(Yicai Global) June 4 -- The revision of China’s draft stamp duty law, which is now under way, does not involve a reduction in the levy charged on securities trading, Yicai Global has learned.
The draft was submitted to the 26th session of the Standing Committee of the 13th National People’s Congress for a first reading in February.
Given the fact that the stamp duty system is functioning smoothly, the draft has basically kept the tax system’s framework intact, said Zang Tiewei, a spokesman for the committee’s Legislative Affairs Commission.
At the same time, based on opinions of various parties, it is proposed to make some amendments to the draft in the second reading, he added. First, streamline tax items with certain tax cuts. Second, further clarify the scope of stamp duty. And third, improve regulations on tax breaks.

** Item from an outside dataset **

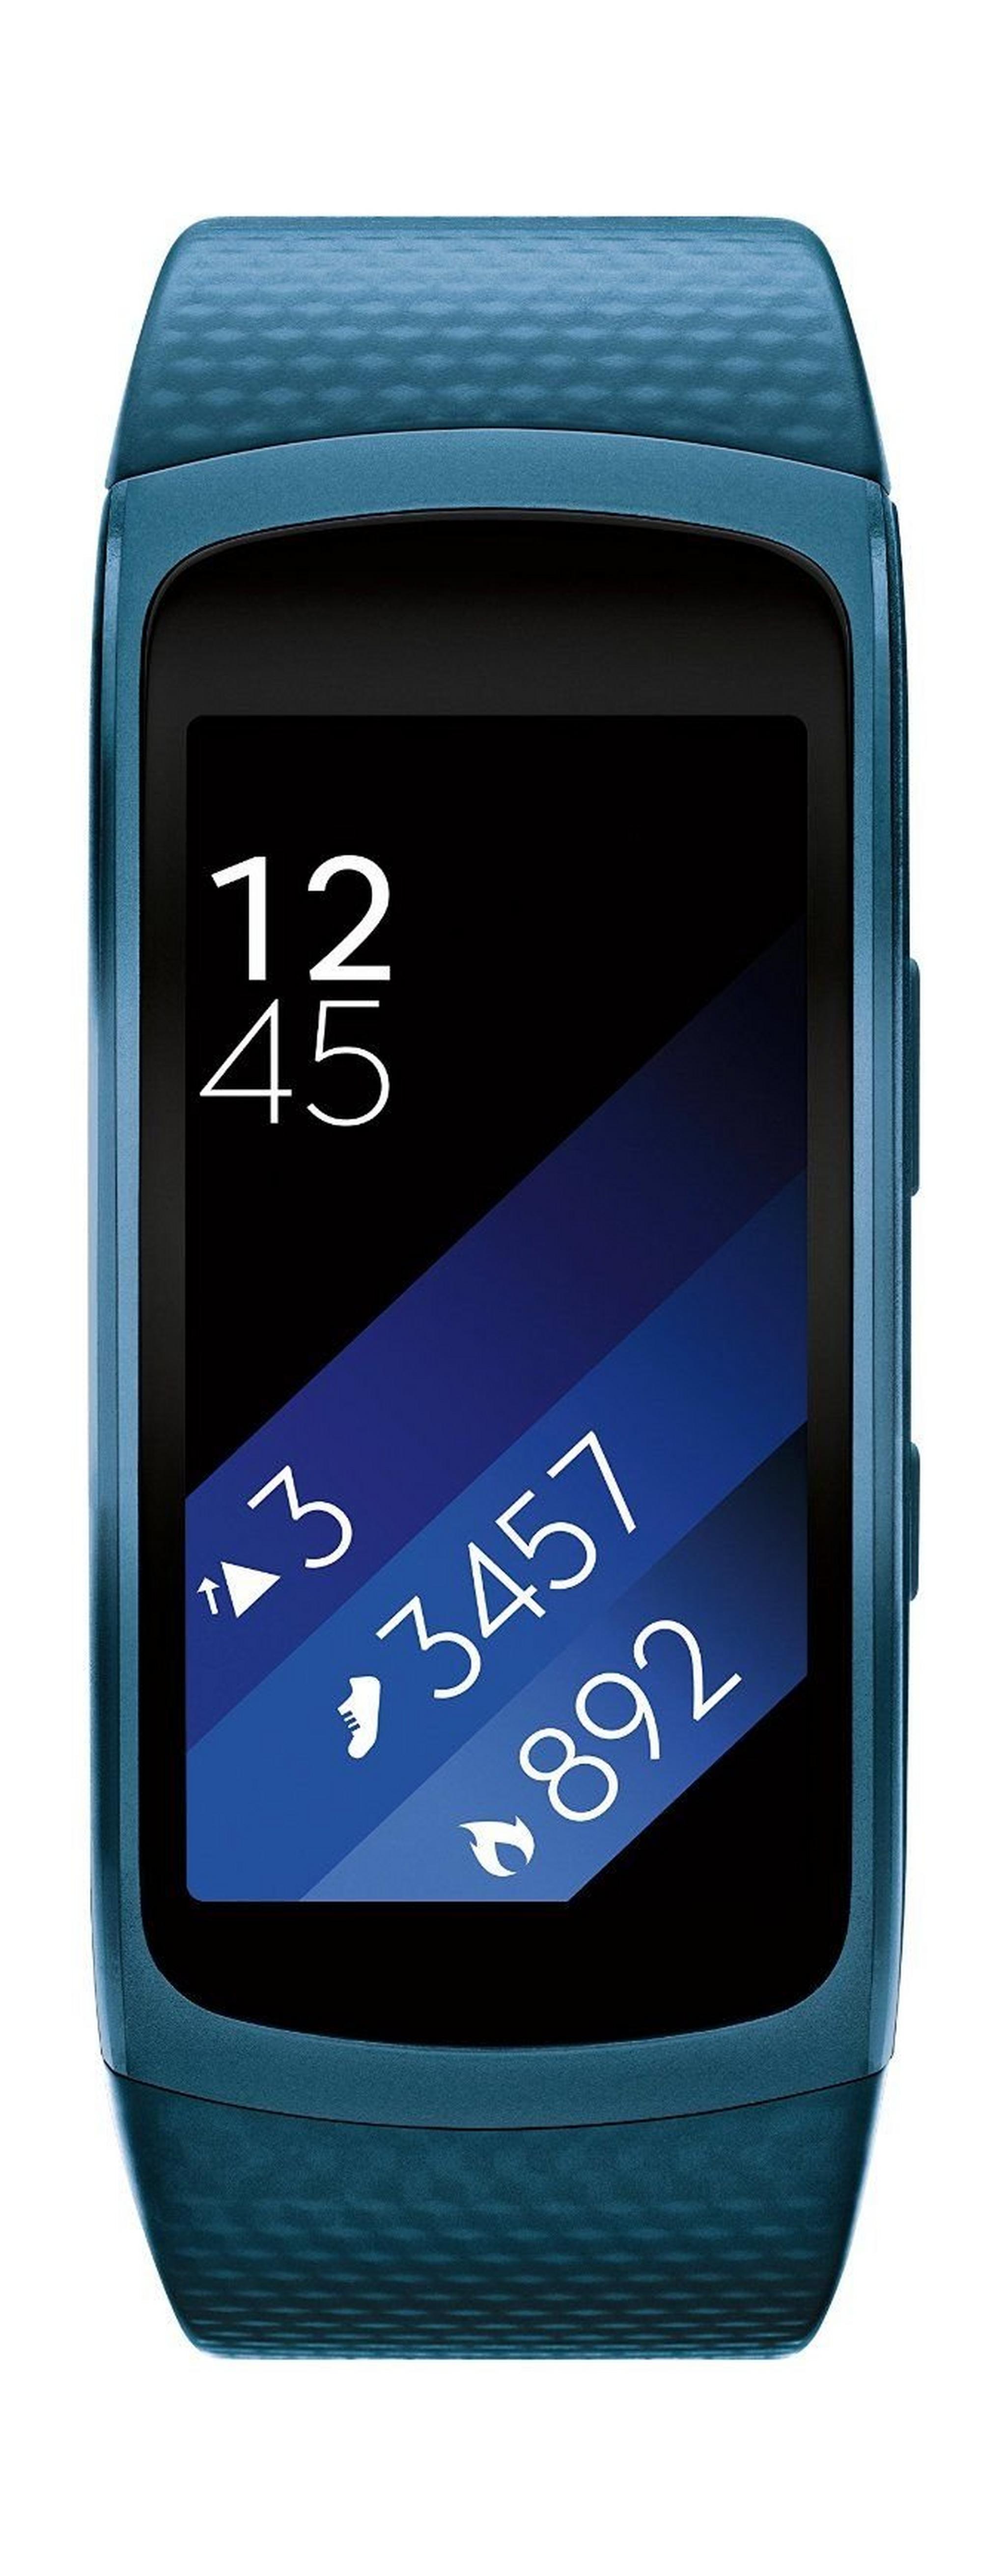 Samsung Gear Fit 2 Fitness Tracker (Small) – Blue
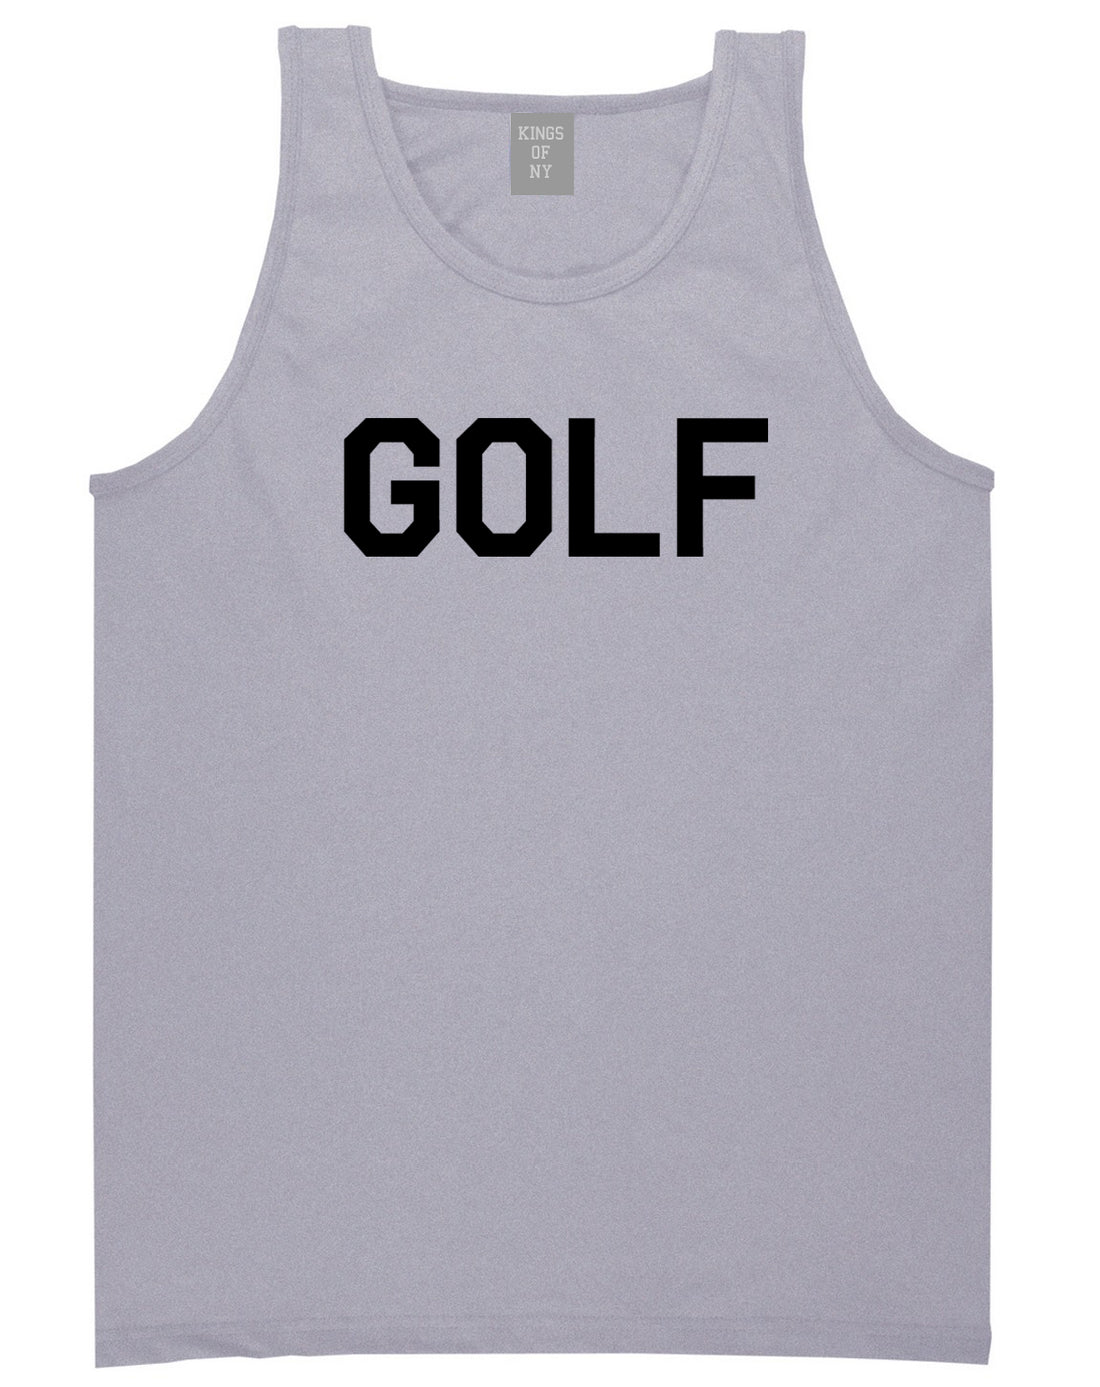 Golf Sport Mens Grey Tank Top Shirt by KINGS OF NY

Affected by the news, brokerage stocks gained today, with the entire securities sector rising over 2 percent. Among them, Southwest Securities [SHA: 600369] surged by the 10 percent limit to close at CNY5.25 (USD0.82). The Shanghai Composite Index also edged up 0.2 percent, while the Shenzhen Component Index added 0.7 percent.
Stamp duty on securities trading is unlikely to be cut, Shi Zhengwen, director of the Finance and Taxation Law Research Center at China University of Political Science and Law, told Yicai Global. The levy is not high and is onto paid by sellers, he said, so if trading is infrequent, the tax burden is not heavy.
Moreover, since China does not have capital gains tax, reducing stamp duty on securities transactions is not a good option, Shi added.
The draft was first submitted to the 26th session of the Standing Committee of the 13th NPC for consideration on Feb. 27. It kept the current taxation framework and tax levels generally unchanged.
According to the stamp duty tax rate schedule attached to the draft, the stamp duty on securities trading is levied at a rate of 0.1 percent on the value of the transaction.